Accuracy of the SiNet Portrait Demo Code (Python)

YexingWan / Fast-Portrait-Segmentation

The MNN base implementation of SINet for CPU realtime portrait segmentation

MIT License

63 stars 13 forks source link

Accuracy of the SiNet Portrait Demo Code (Python) #8

Open hualili opened 2 years ago

hualili commented 2 years ago

Hello, Greetings. Thank you for posting your Fast-Portrait-Segmentation code, it is really nice and informative. However, we have tried to run the python demo code. We run: $python cam_seg.py This Python program grabs a frame from WebCam, suppose to delete background, and combine the frame to the image file shown in a window. But I have tested in my room with DNC_SiNET_bi_192_129.mnn. The program did not segment the input portrait. We have been trying to resolve this. Can yo help to answer the following questions: (1) the original PyTorch model and github; (2) also try to print the architecture of the model; (3) any reason why the code does not segment webcam input portrait? Thanks! HL

YexingWan commented 2 years ago

(1) the original PyTorch model and github; (2) also try to print the architecture of the model; (3) any reason why the code does not segment webcam input portrait?

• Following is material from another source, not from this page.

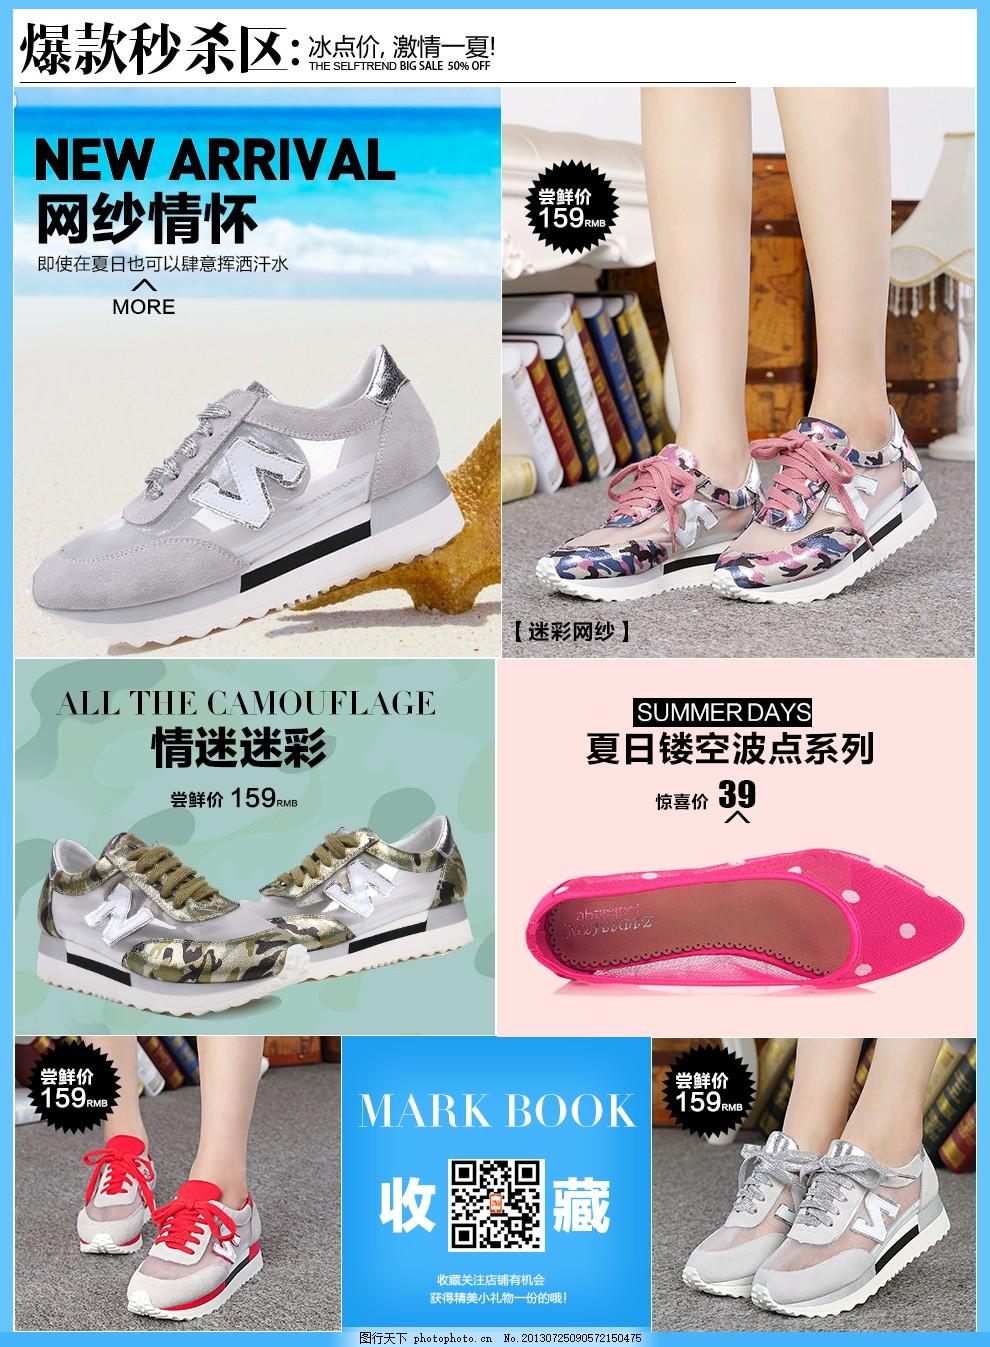 淘寶女鞋頁面設計 淘寶頁面設計 女鞋頁面 休閑鞋頁面設計 psd 灰色

(1) I use SINET as my original model, and the weight which is from this repo.

(2) As the README, you can use netron to inspect the details of given onnx model.

(3) Could you pls provide more detail of how you run the code and how you put the "background image" you want to replace the real background (maybe your room)?

Regards

hualili commented 2 years ago

Hello, greetings, thanks for your response, your response (1) and (2) are helpful and I am going through it now.

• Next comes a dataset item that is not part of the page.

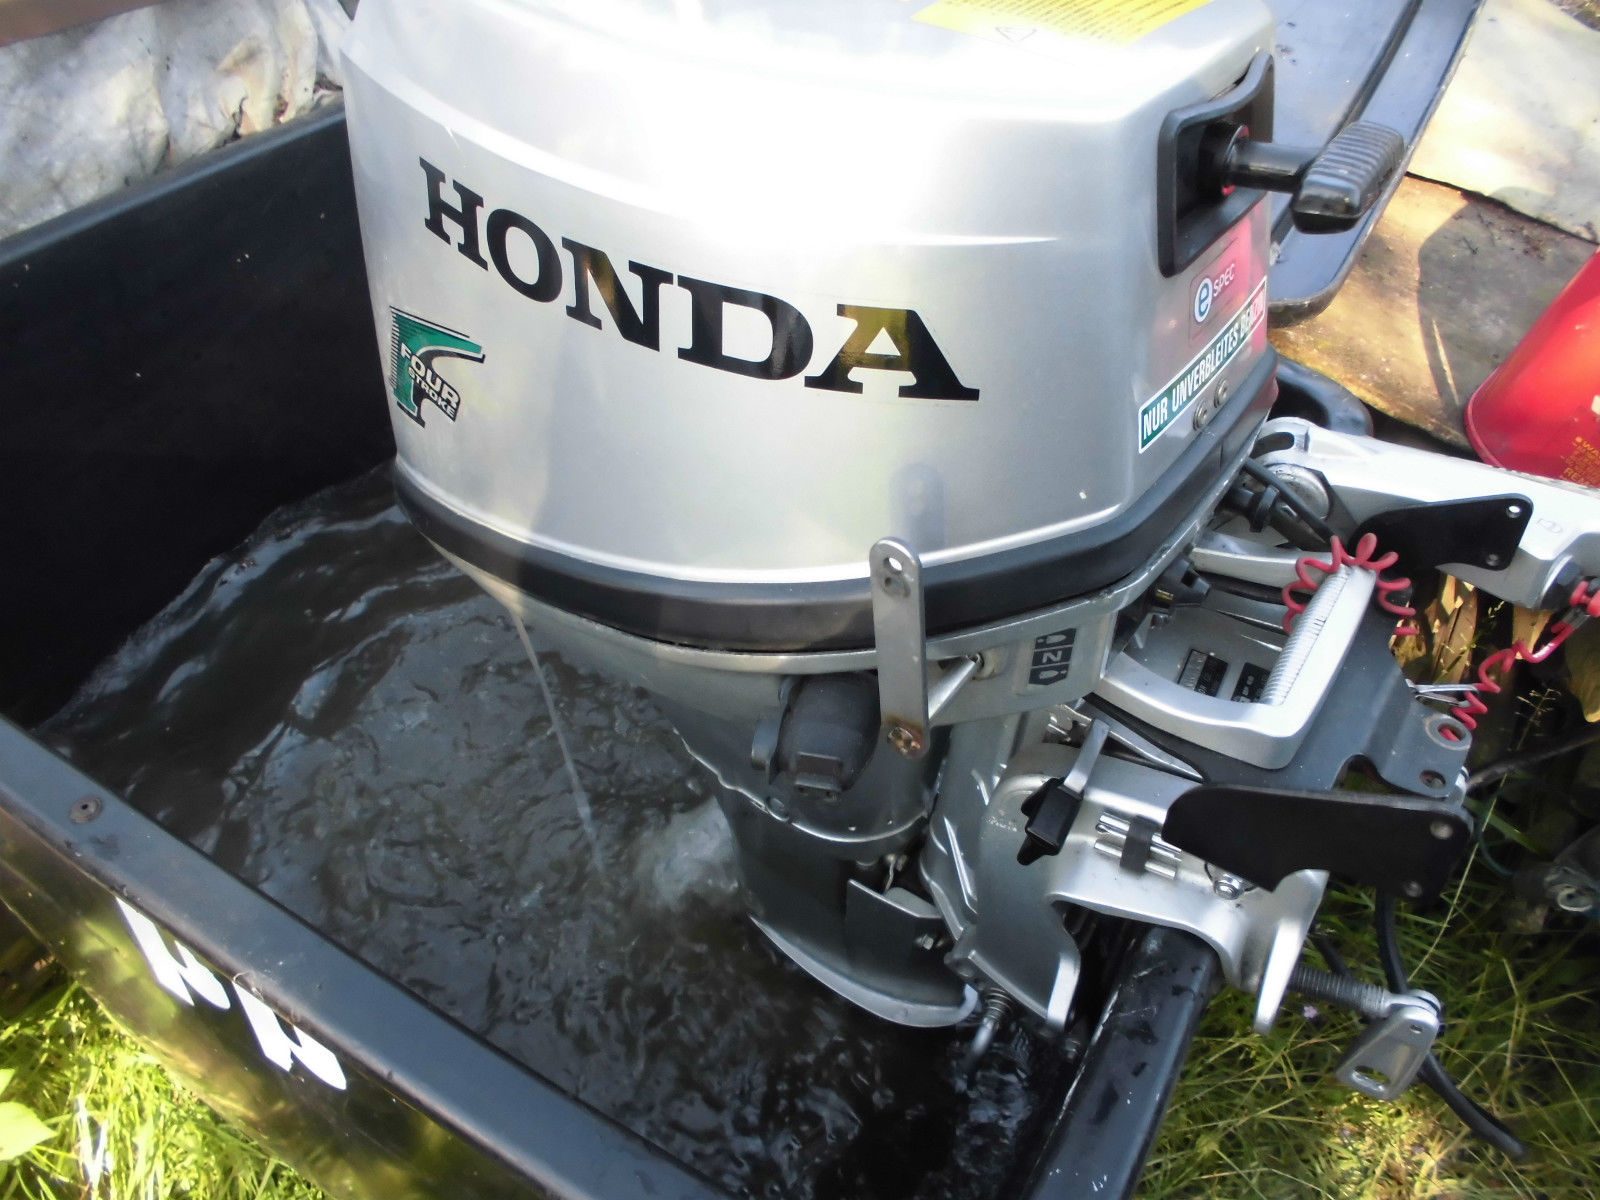 Aussenbordmotor Honda 6 ps kurzschaft mit Bodenseezulasung

I have executed 2 code, one is FaceSeg.cpp and the 2nd is cam_seg.py from the pyFaceSeg folder. The cam_seg.py segmentation most of the time just returns the background image, when place my hand near the camera, about 1-2 feet from the camera, it occasionally returns a irregular segmentation of partial hand which I can not even tell it is a hand. Compare to the cpp code in the same environment, cpp code can perform segmentation, e.g., get the portrait of the human.
I have noticed in your cpp code, line 43 float gamma_tran = 0.6; can you please elaborate what is this parameter for? do you have similar parameter in cam_seg.py? when I tried to increase the value from 0.6 to 1.1, it seems the cpp segmentation works better?
Do you have the cam_seg with the same parameter implementation as FaceSeg.cpp? Thank you so much! best regards

hualili commented 2 years ago

in your cam_seg, you have mean = [107.304565, 115.69884, 132.35703] std = [63.97182, 65.1337, 68.29726] (Line 11 and 12), are these in RGB or HSV? where are these parameters are coming from?
in cam_seg, regarding def postprocess(result, ori_img, h_in, w_in, cut_bg, re=True), you have result[0][0, :, :] += 0.814, what is this parameter for? where is this value coming from ?
in the same postprocess module, idx_fg = cv2.GaussianBlur(idx_fg, (3, 3), sigmaX=2).astype(np.float32) / 255, is this related to cpp code (FaceSeg.cpp) is for GaussianBlur, is this related to "blur_r(2i+1):" (line 56 of the cpp code).
what is your recommended input argument to run cam_seg.py? (args = parser.parse_args() Line 118). Thanks!